The reader should consider that we are answering this question without factoring
in the new costs for genetics, biologicals, and
biopharmaceuticals that are looming upon the immediate horizon. The cost
pressures from these agents will drive the costs associated with pharmaceuticals
even higher.
Figure 3 provides a glimpse into the future. It illustrates the predicted
percent increase in spending that we will see for pharmaceuticals vs. total
national health care spending, when projected out to the year 2010.
When viewed from the perspective of relative health care spending allocation,
two inescapable realities become apparent. The first is that America does
not need to increase its projected total health care spending.
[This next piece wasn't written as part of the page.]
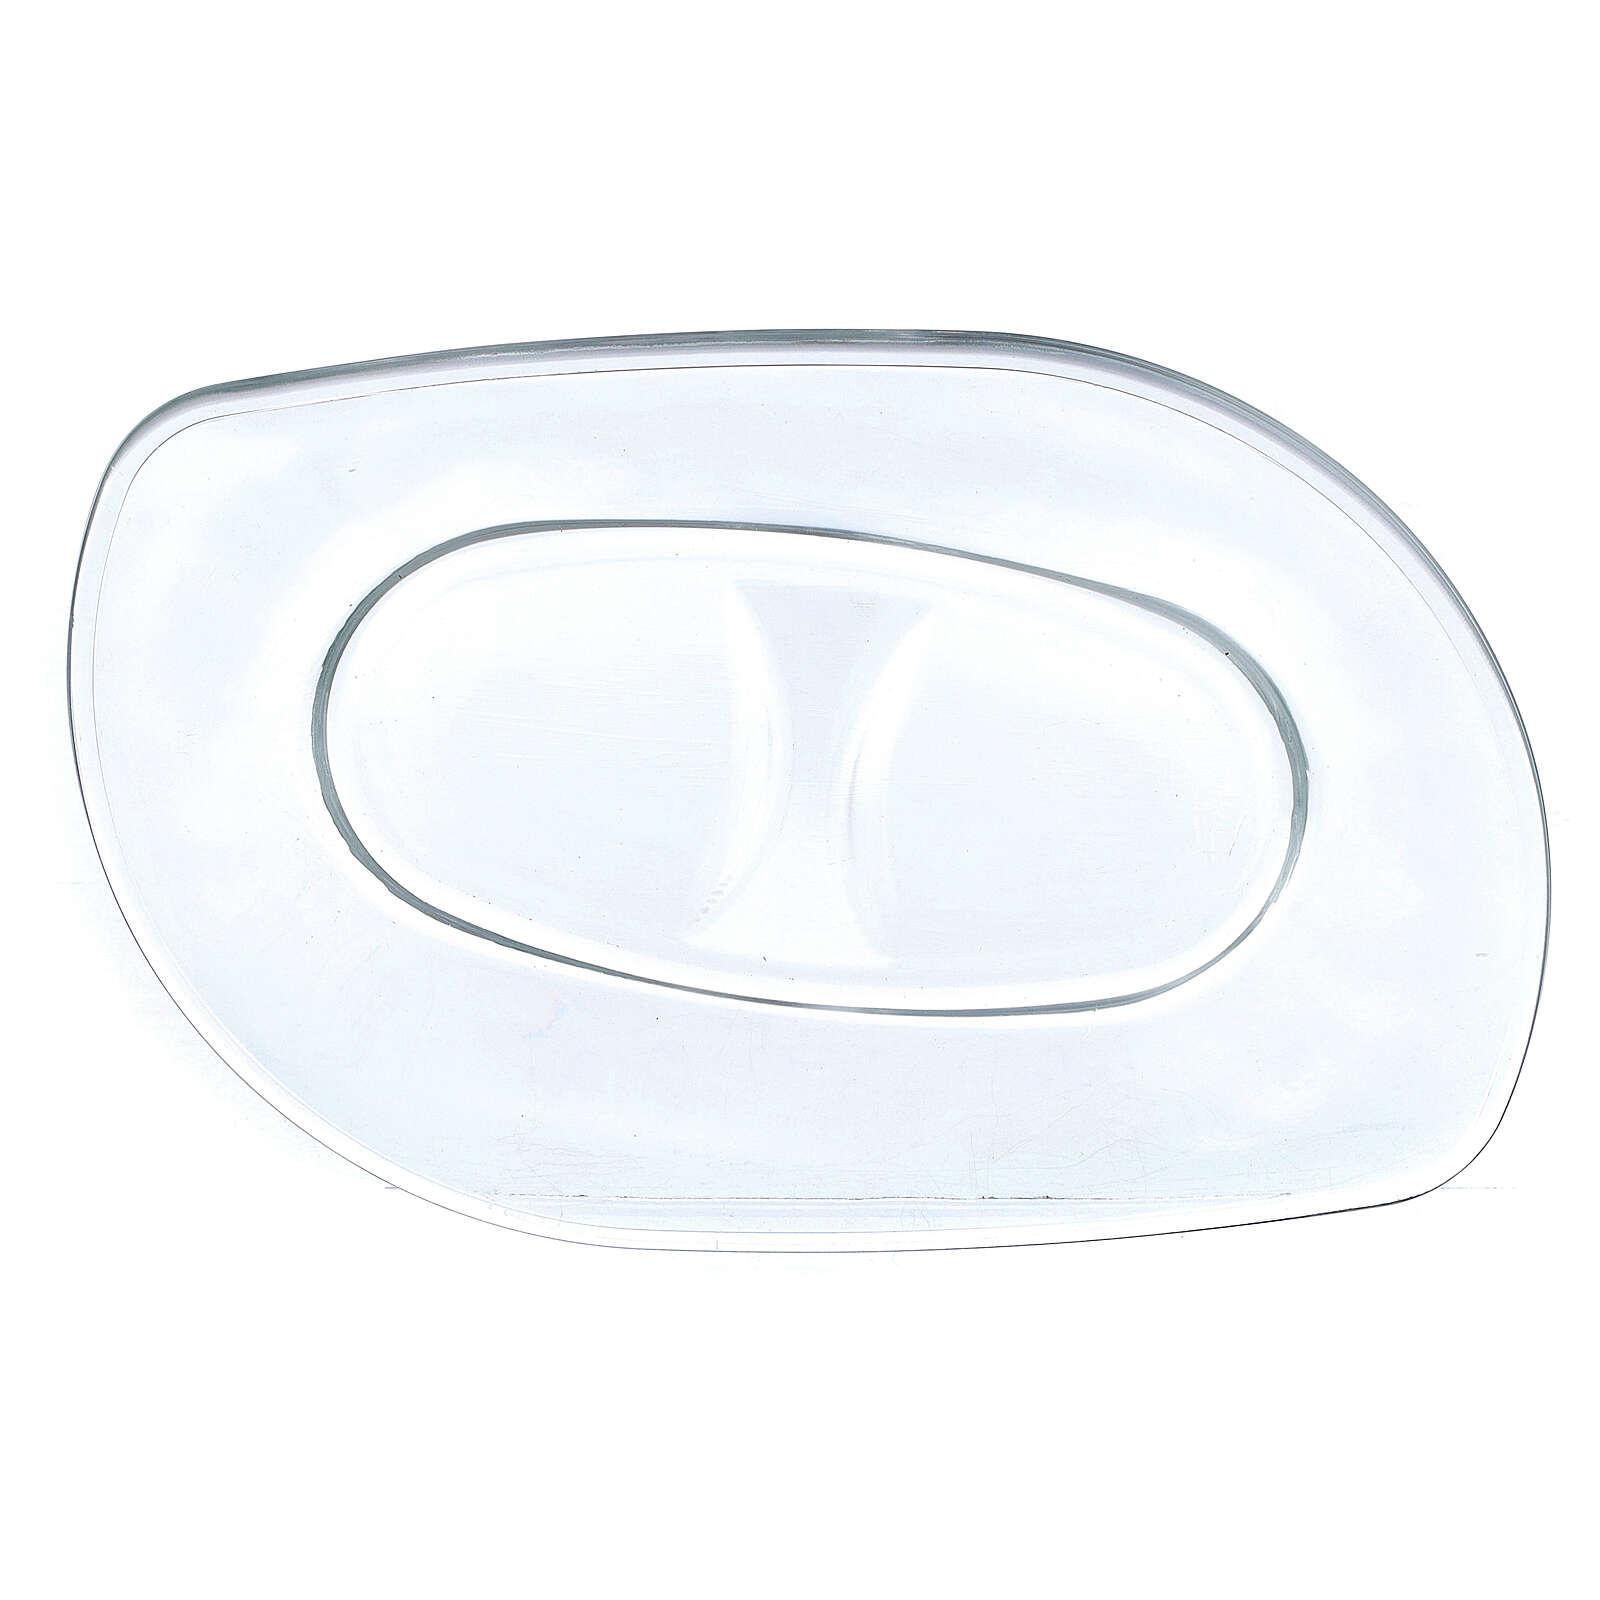 Glass cruet set with tray, 50 ml 4
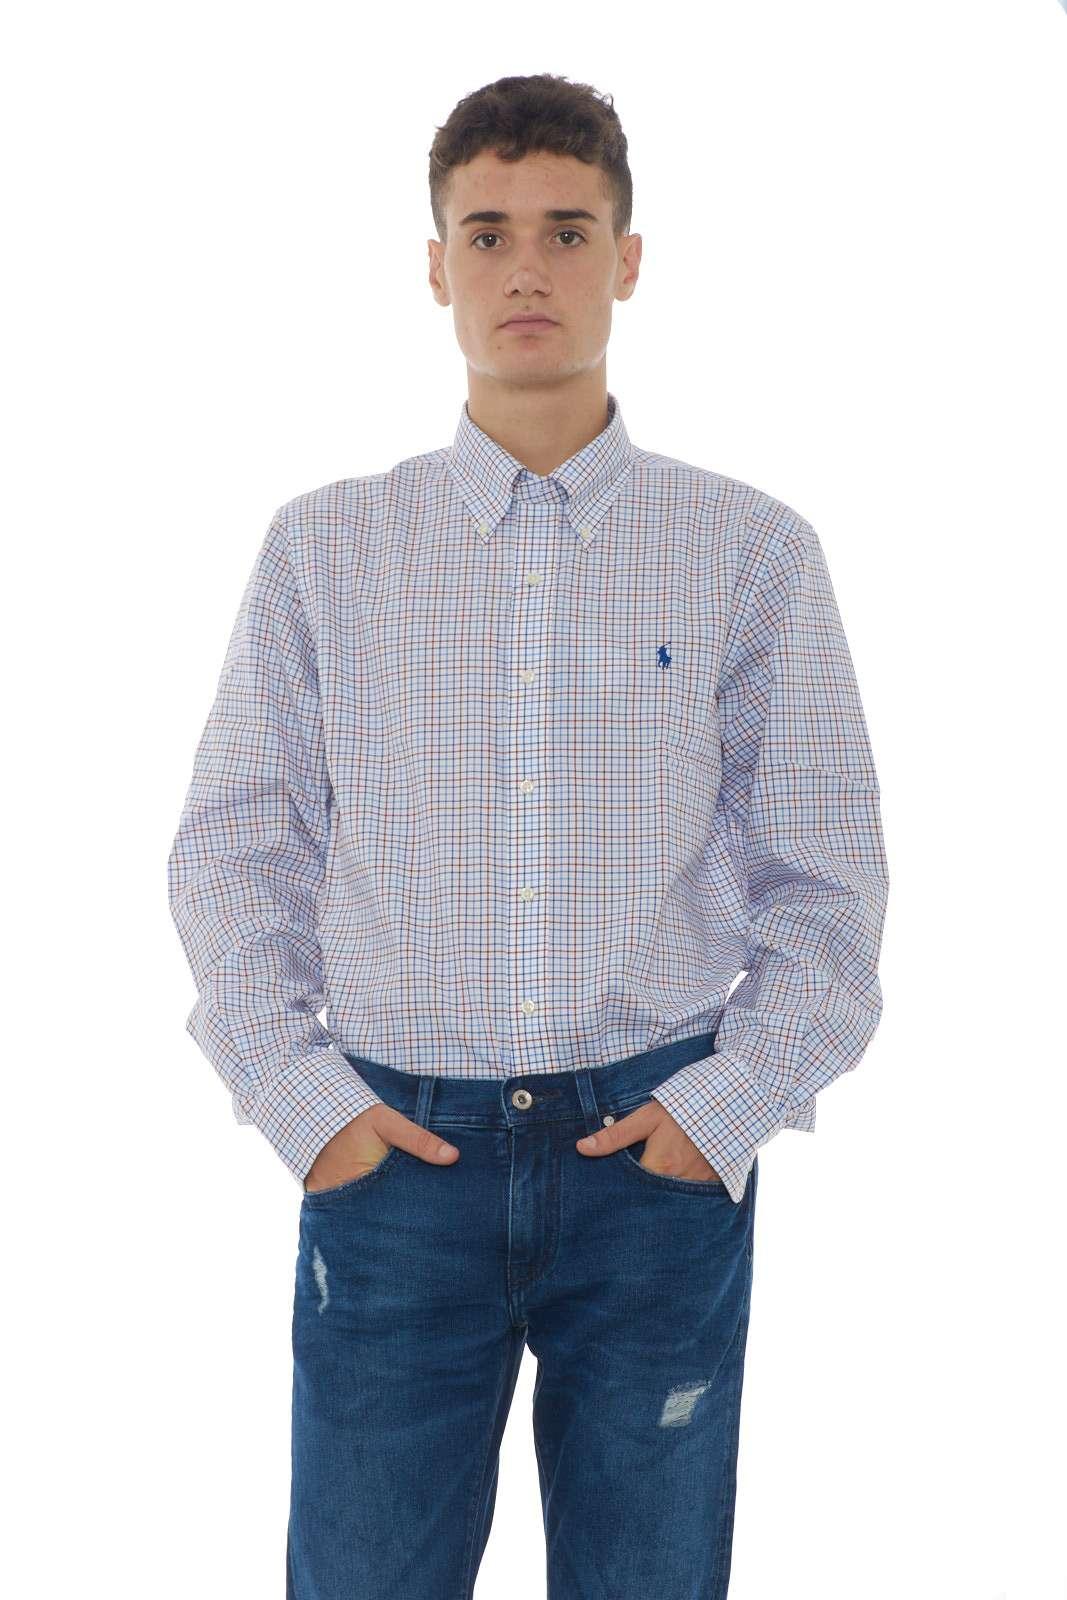 https://www.parmax.com/media/catalog/product/a/i/AI-outlet_parmax-camicia-uomo_Ralph-Lauren-712766318005-A.jpg

We spent $1.2
trillion (13.6 percent of the GDP) in 1999. Spending will continue to grow
through 2008, at an average rate of 6.8 percent annually,
and will reach $2.2 trillion (16.2 percent of the gross domestic product [GDP]).
The second reality is more unpleasant for health care service providers to
contemplate. Current trends dictate that we will accommodate for the growth
in spending for pharmaceuticals by decreasing the percentage of resources we
currently allocate to pay for medical services. Thus, redistributing the
current spending within health care will be used to generate the $135 in
increased pharmaceutical spending over the next few years.